Nikita only dozed off for a few minutes, but when he woke, he knew someone else was in the room – his supervisor. Knowing he was about to lose a well-paid job, and maybe worse, he did what he had to do – Nikita pretended he was having a heart attack.
“They take me out on a stretcher! Three days I’m in the hospital … three fucking days!” he told me in his deep, Russian accent. “But I keep my job!”.
We went out on deck for a smoke. Standing beside each other, we emptied our beer-filled bladders over the side. I made the blunder of standing downwind. By the time we got back inside, the barmaid was making it clear she was about to close, so we bought two more bottles of beer and a large whiskey each.
“What do you do for work now?” I asked. It turns out Nikita isn’t a lorry driver.
“Now, I work on a boat,” he told me. His weathered features and thick, grizzled sausage fingers were an obvious clue; I immediately assumed fisherman. Nikita actually works on a supply vessel, ferrying anything from pot noodles to plasma arc welders to the rigs in the Norwegian oil fields. At this point, I should have finished my whiskey and gone to bed, but I didn’t.
Nikita, it turned out, is Moldovian but has spent most of his adult life living in Irkutsk, at the southernmost end of Lake Baikal. He met a woman and married young; they had three daughters by the time he was 23. Ten years ago, in the late autumn of 2010, Nikita’s eldest daughter, then 17, had been to a Halloween party with friends: Halloween in Russia has, apparently, never been a thing, but the post-communist Soviet youth have adopted it, US-style, as an excuse to get drunk and party. Nikita’s eldest didn’t like drinking, so she left early and walked the half-mile home. Somewhere along the way, the teenager was dragged into a car and punched unconscious.
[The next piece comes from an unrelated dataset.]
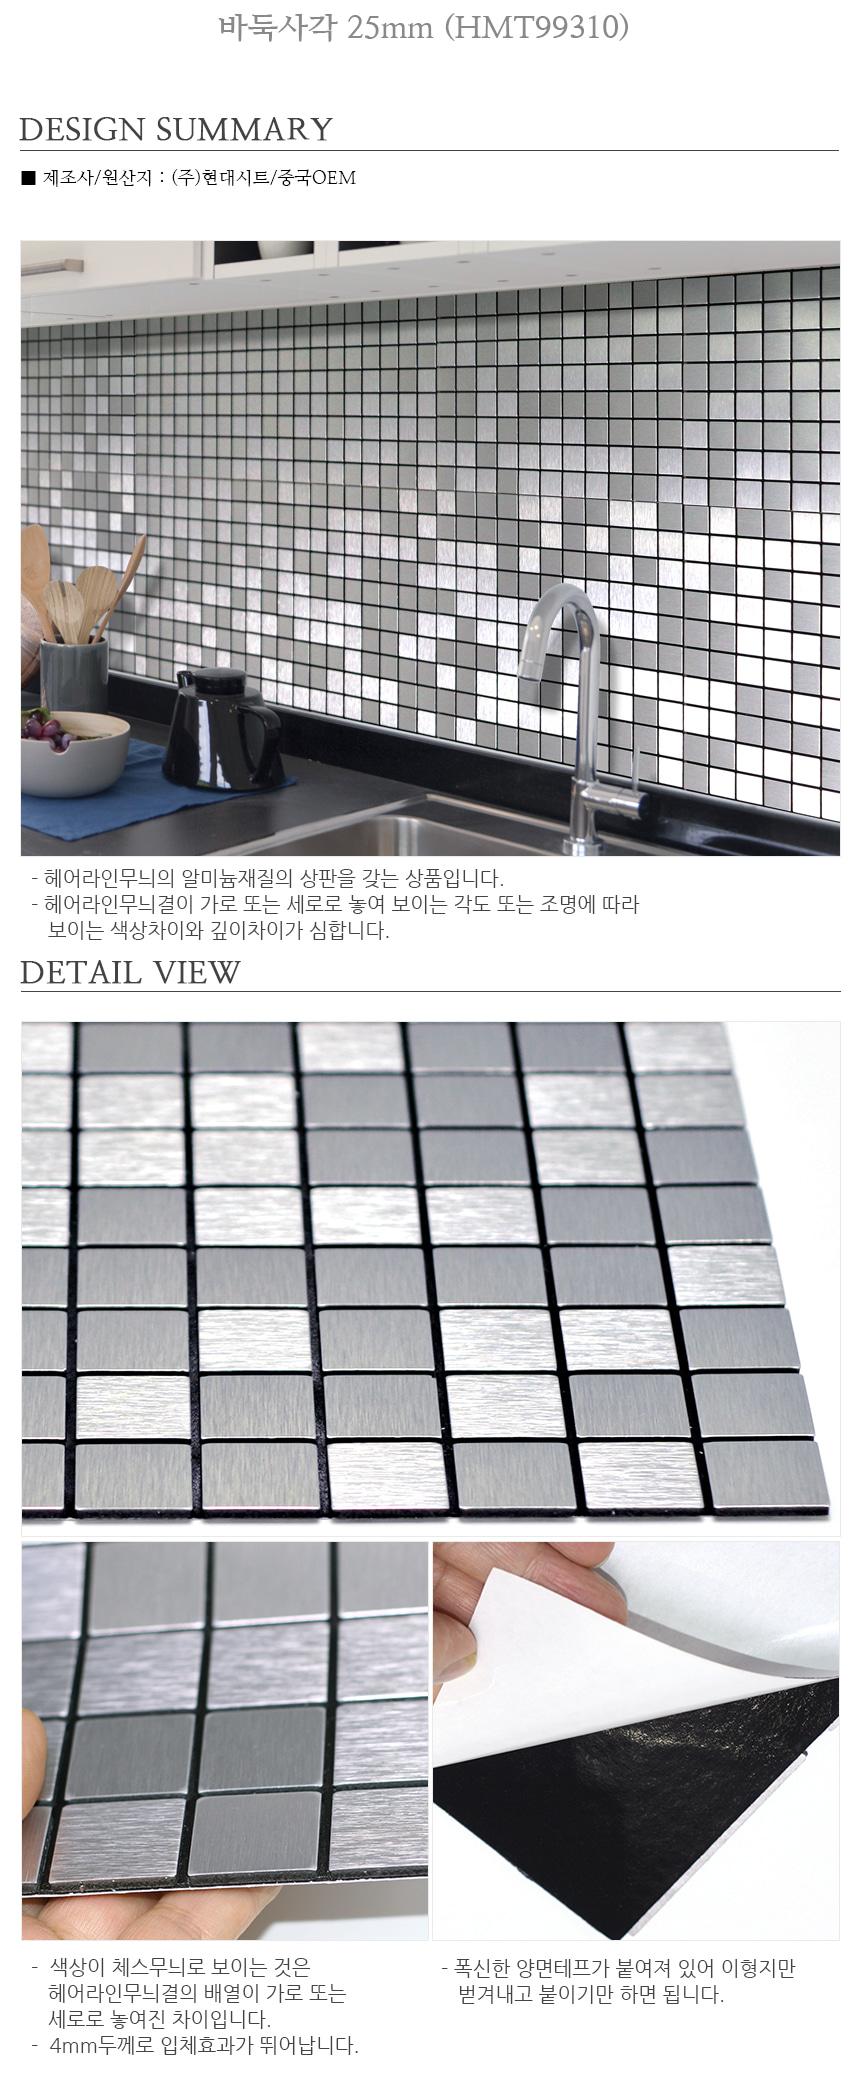 점착식 알미늄 메탈타일 바둑사각 25mm (HMT99310) - 데코사랑, 6,270원, 장식/부자재, 벽장식

My bones turned to glass. I didn’t want to hear the rest of this story. I thought about standing up and pretending I was going for another piss, but I’d just been.
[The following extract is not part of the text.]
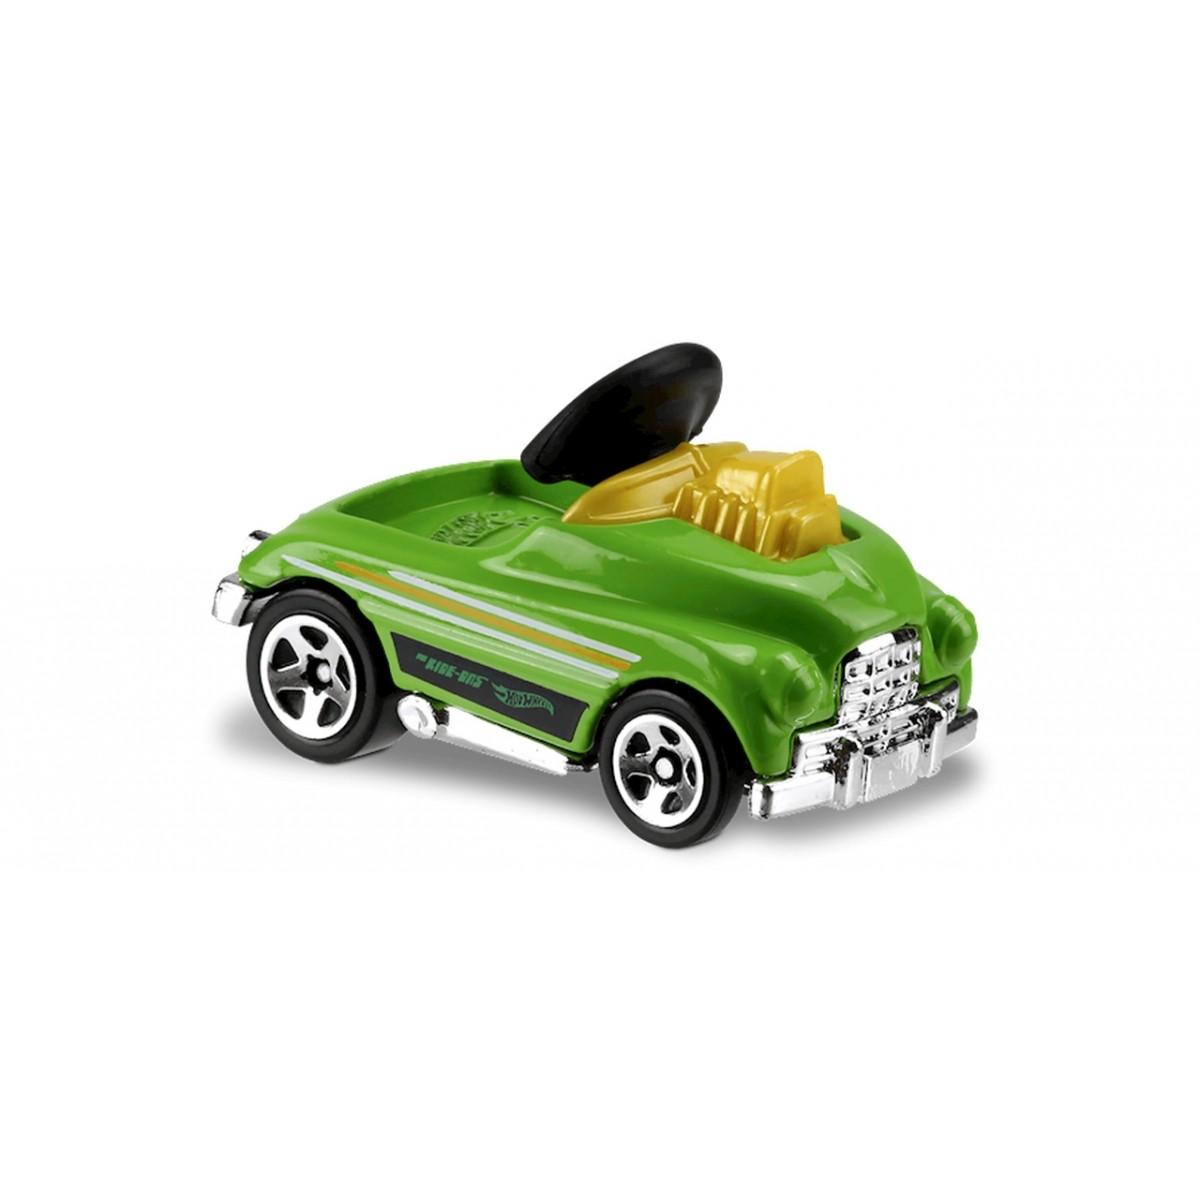 Carrinho Hot Wheels: Pedal Driver Verde

“Two policemen came to my home, the first thing they say is that my daughter is still alive…so I’m thinking, why are they saying this? Has she crashed in a car?”
Nikita explained how his daughter had been taken to a house on the outskirts of Irkutsk. He hadn’t said his daughter’s name until then, but he continued after a swig of beer.
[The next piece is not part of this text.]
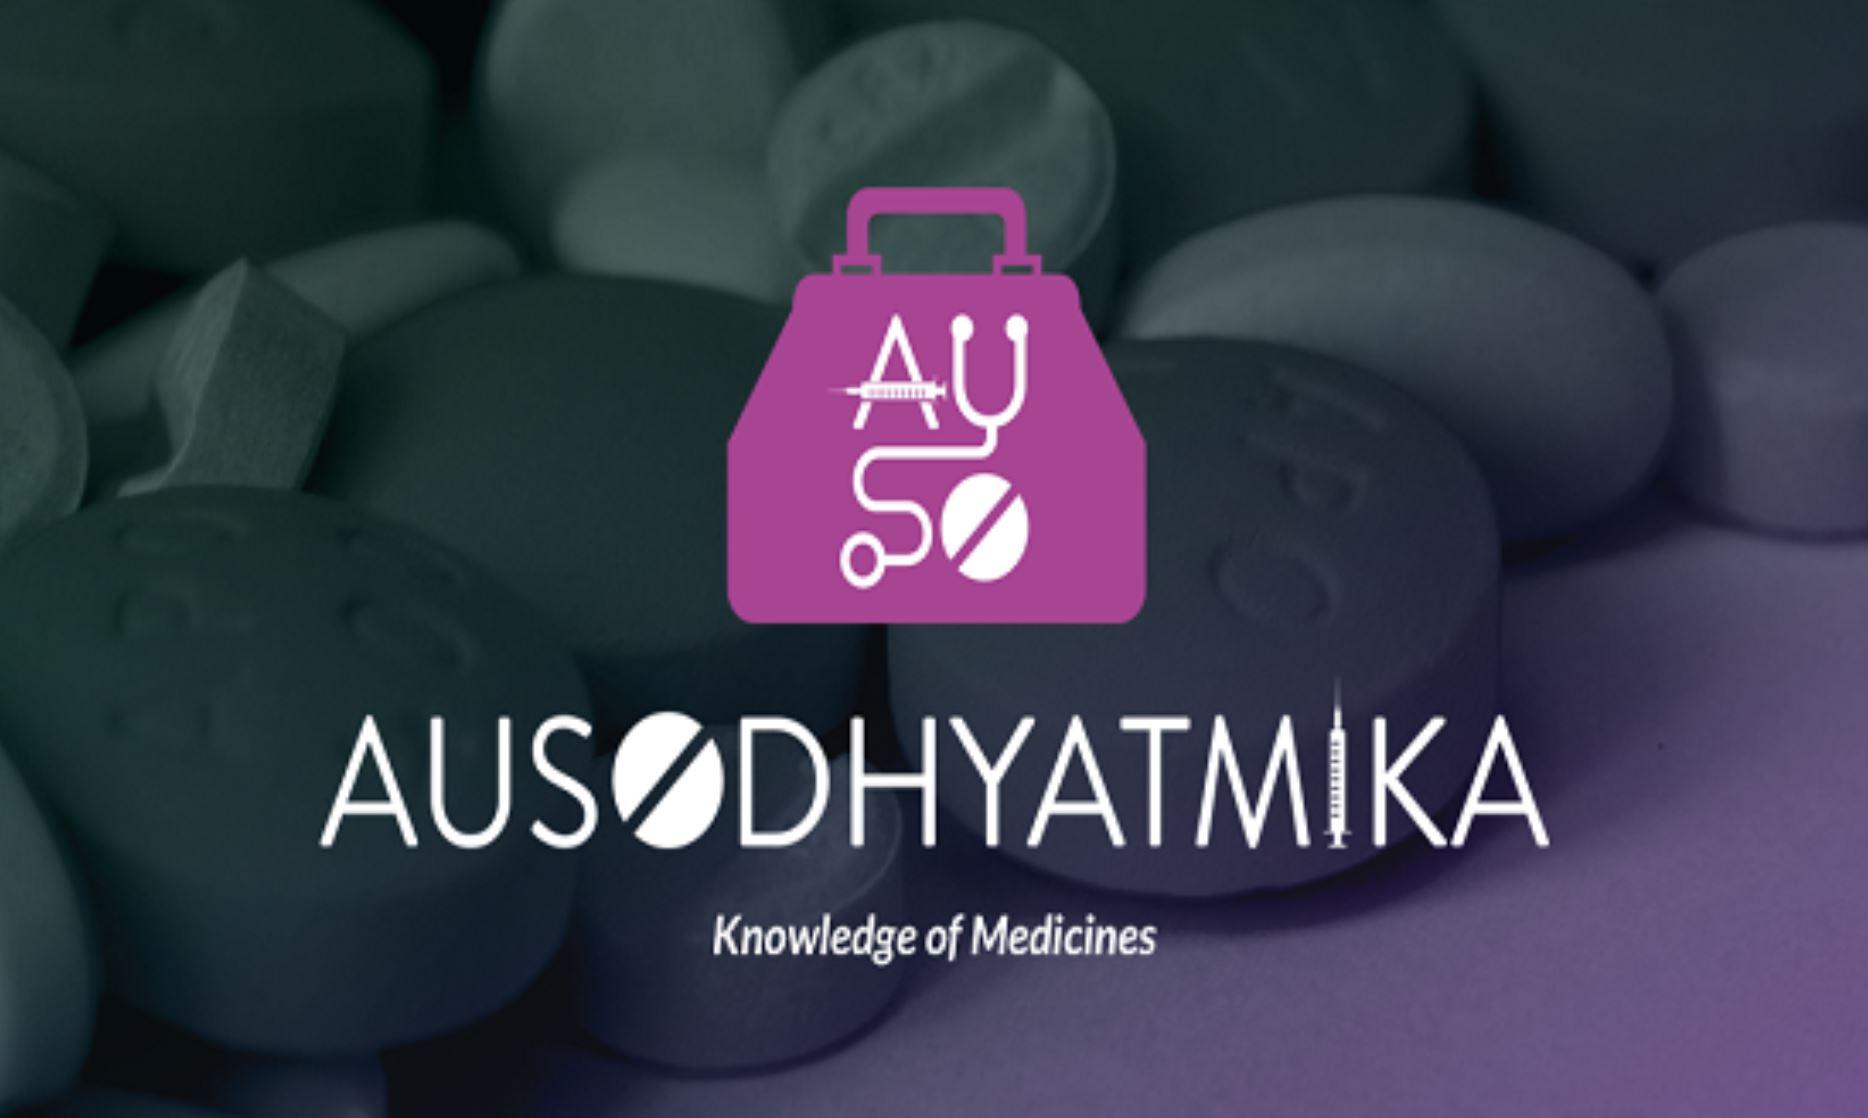 Ausodhyatmika-1

“He took Alena, and he rapes her.” Nikita then looked at me and broke into a forced half-smile, “When the police are telling me and my wife, I just sit and look at the television…it is like I am pretending I cannot hear them…but Alena is still alive”. I didn’t know what to say. Nothing.
“She knows this man; he is nineteen when he does this. He followed her from the party. My daughter trusts him, so she gets in a car with him”, he continued.
“So, did they find him? Did the police find him?” I asked.
“Yes, they find him. He sees prison for three years,” said Nikita bluntly.
“You are fucking kidding!? For rape?”
“He says he has been with my daughter before. He lied. He says he hit her, but because she hits him. The police, they know he rape her, but a judge believes him, and he sees only three years…Alena, she never lies.”
I had about ten minutes of Glenmorangie left in my glass and two days of no sleep behind me, but I needed to hear the rest because I knew there was more.
The rapist (Nikita never spoke his name) was released from prison, aged 23, and went back to what he thought would be a forgotten life in Irkutsk. Nikita hadn’t forgotten, far from it… Shortly before Christmas 2012, Nikita arrived at a ground-floor apartment in the centre of Irkutsk; under his arm, he had a bag containing rope, a cheese grater and a bottle of vinegar.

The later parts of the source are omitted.